• Provided data
——————————
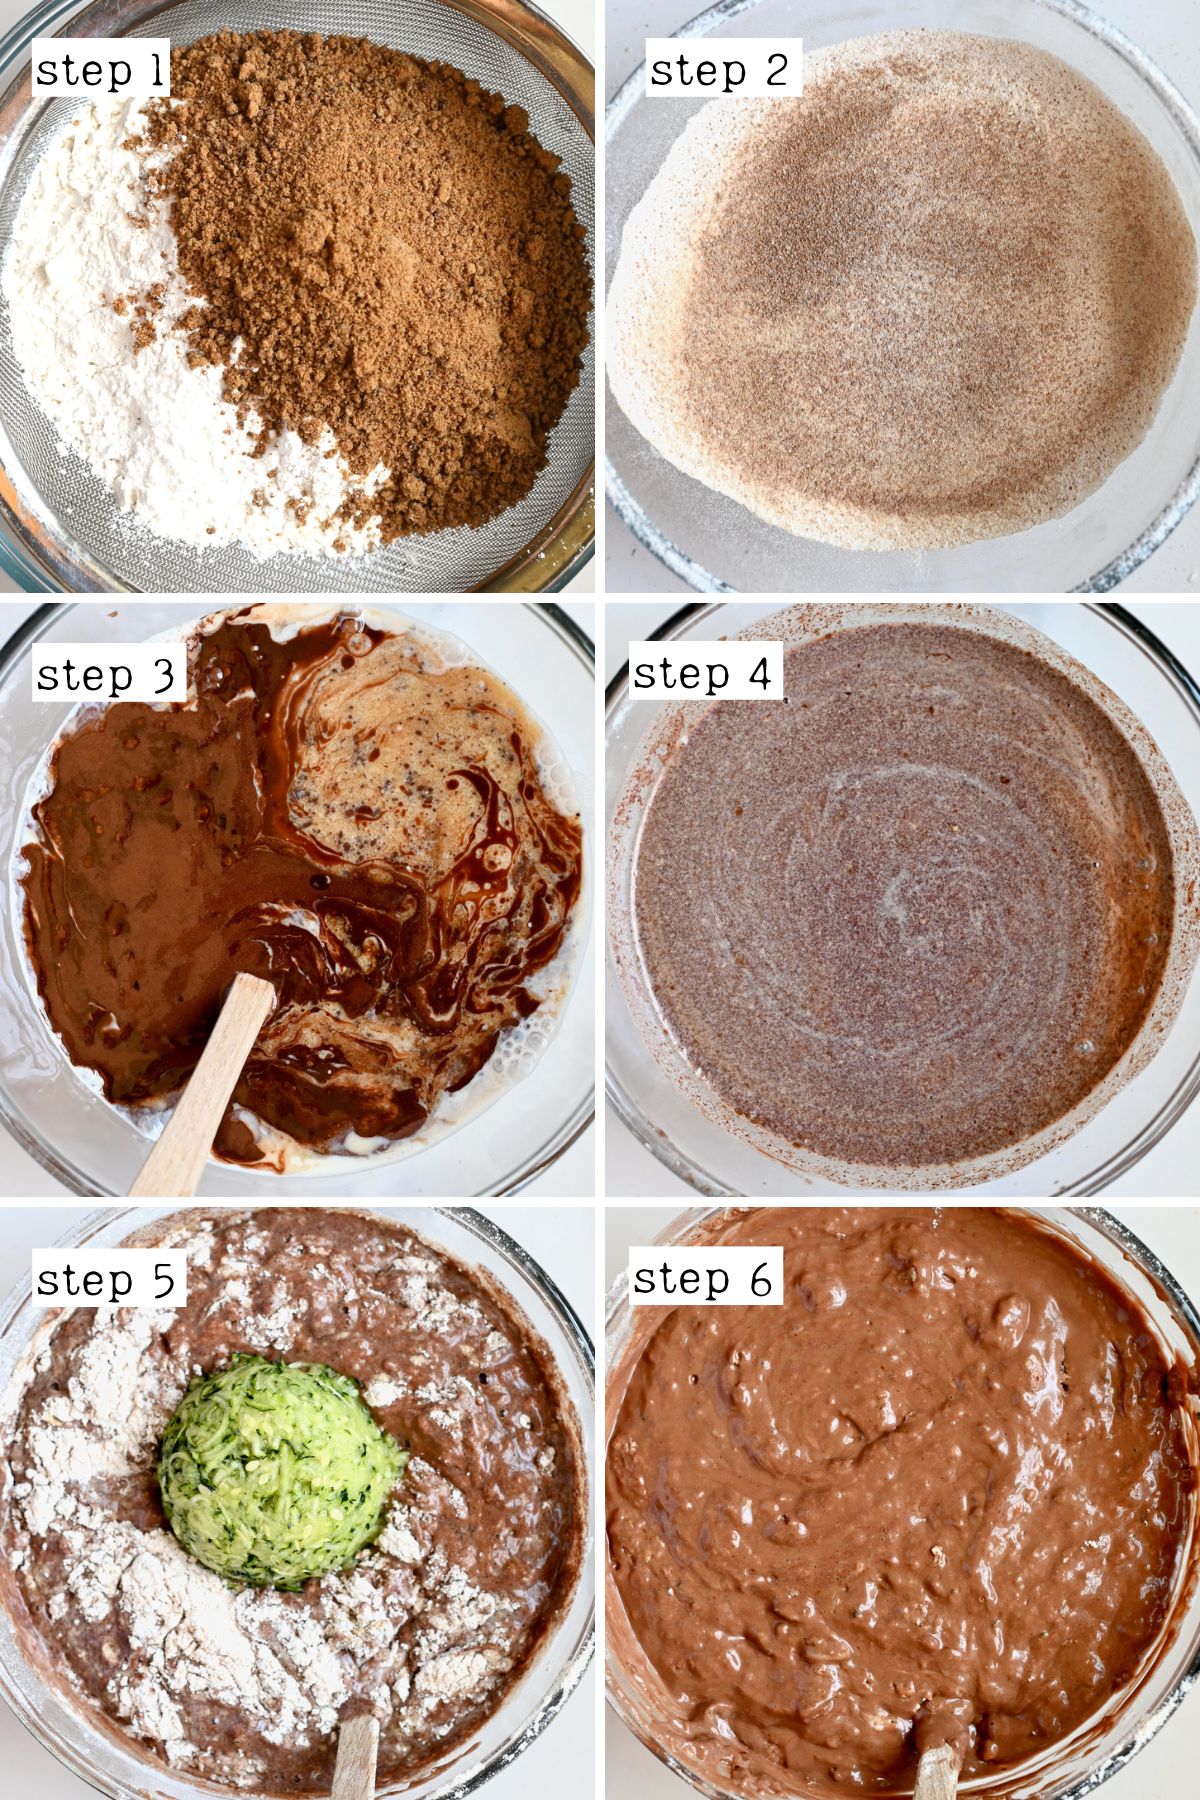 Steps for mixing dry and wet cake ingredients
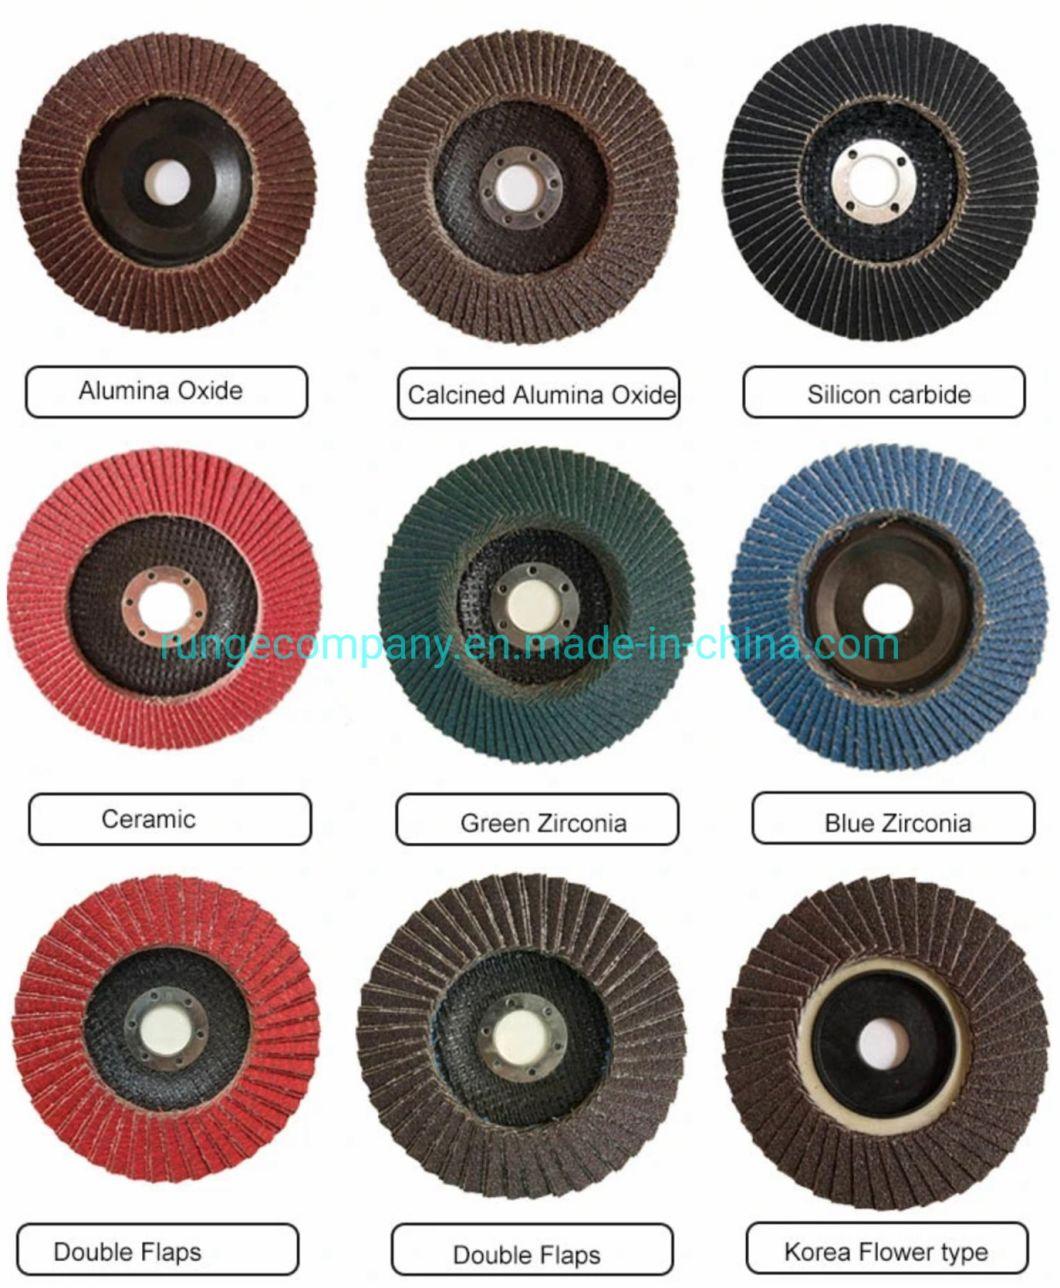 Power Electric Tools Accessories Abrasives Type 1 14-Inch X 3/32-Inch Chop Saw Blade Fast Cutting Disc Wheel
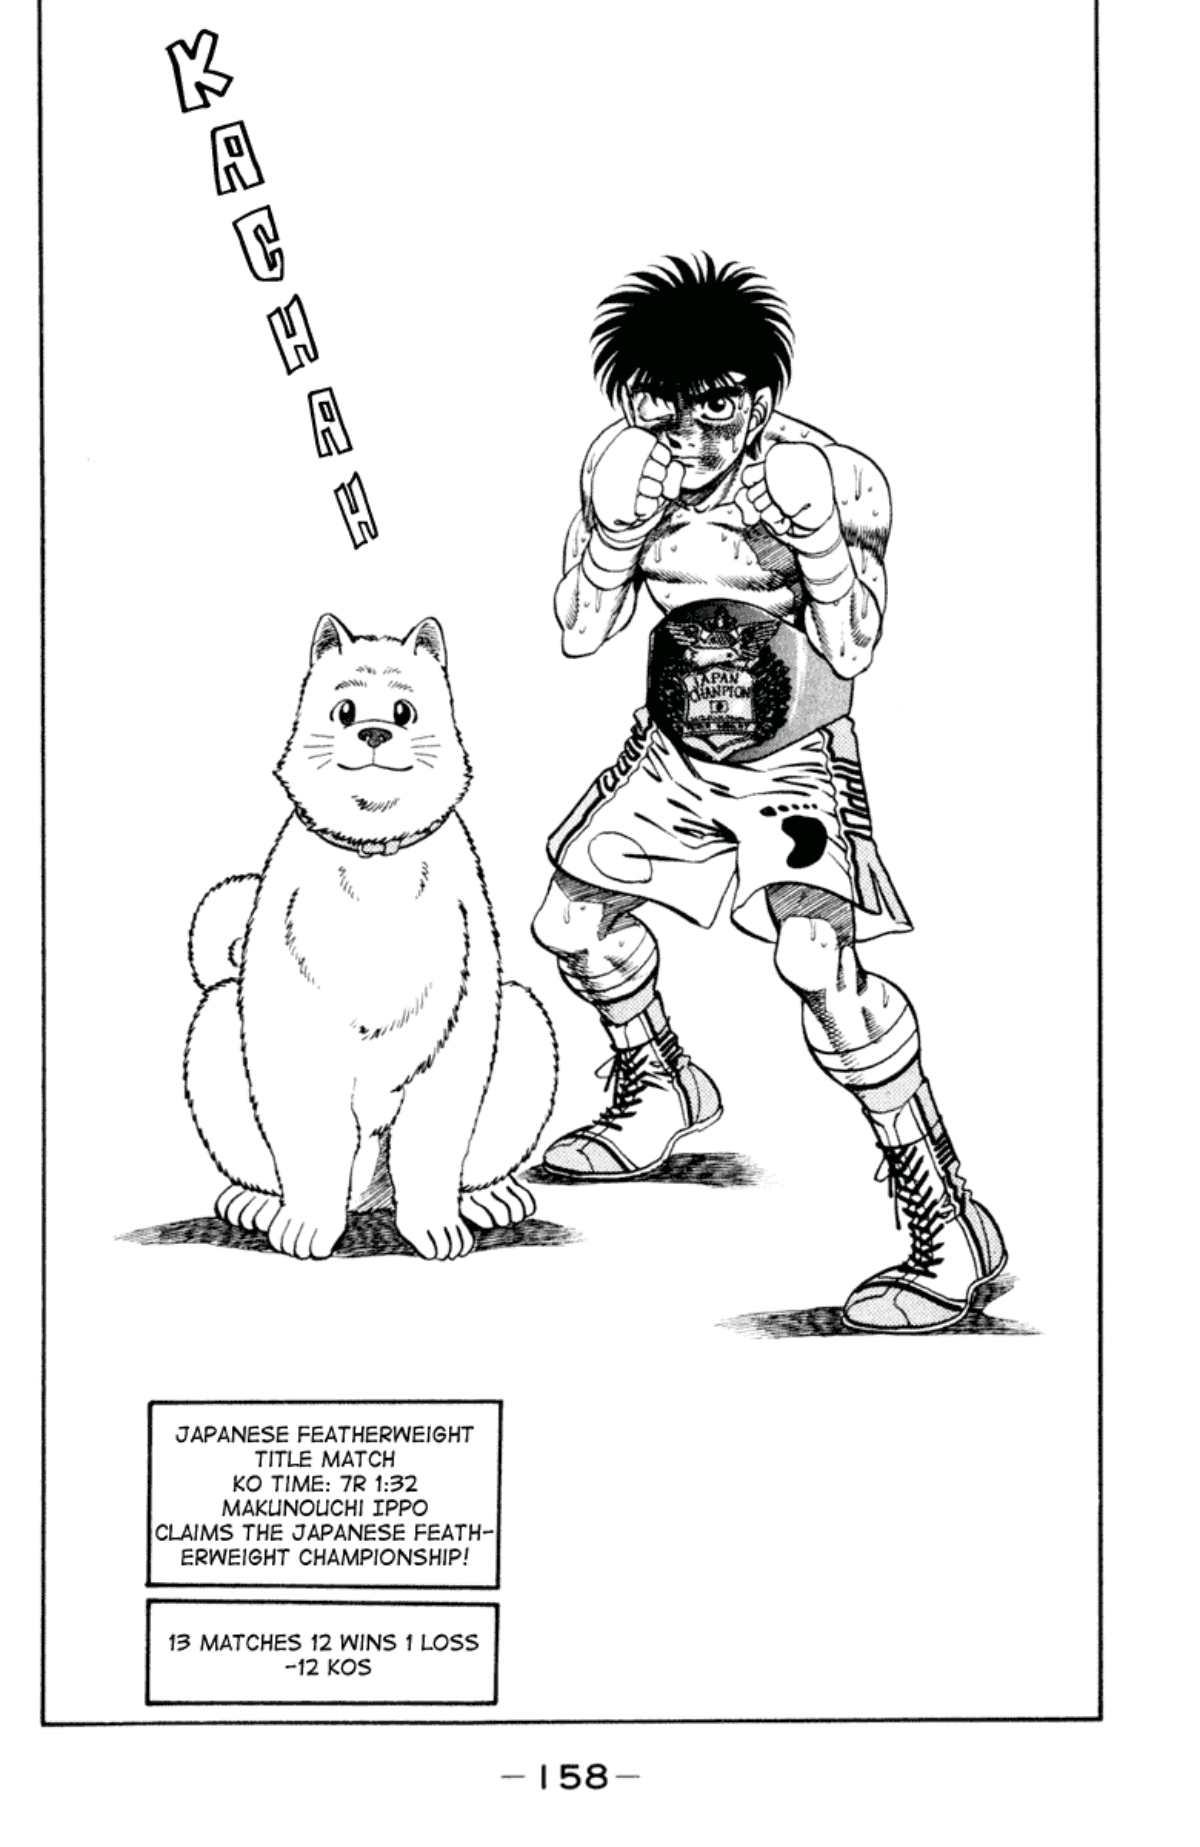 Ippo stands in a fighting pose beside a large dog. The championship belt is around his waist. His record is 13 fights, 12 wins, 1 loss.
——————————
• What is expected
Repeat the whole listing above word for word. Leave out the pictures.

• Exercise response
 Steps for mixing dry and wet cake ingredients
 Power Electric Tools Accessories Abrasives Type 1 14-Inch X 3/32-Inch Chop Saw Blade Fast Cutting Disc Wheel
 Ippo stands in a fighting pose beside a large dog. The championship belt is around his waist. His record is 13 fights, 12 wins, 1 loss.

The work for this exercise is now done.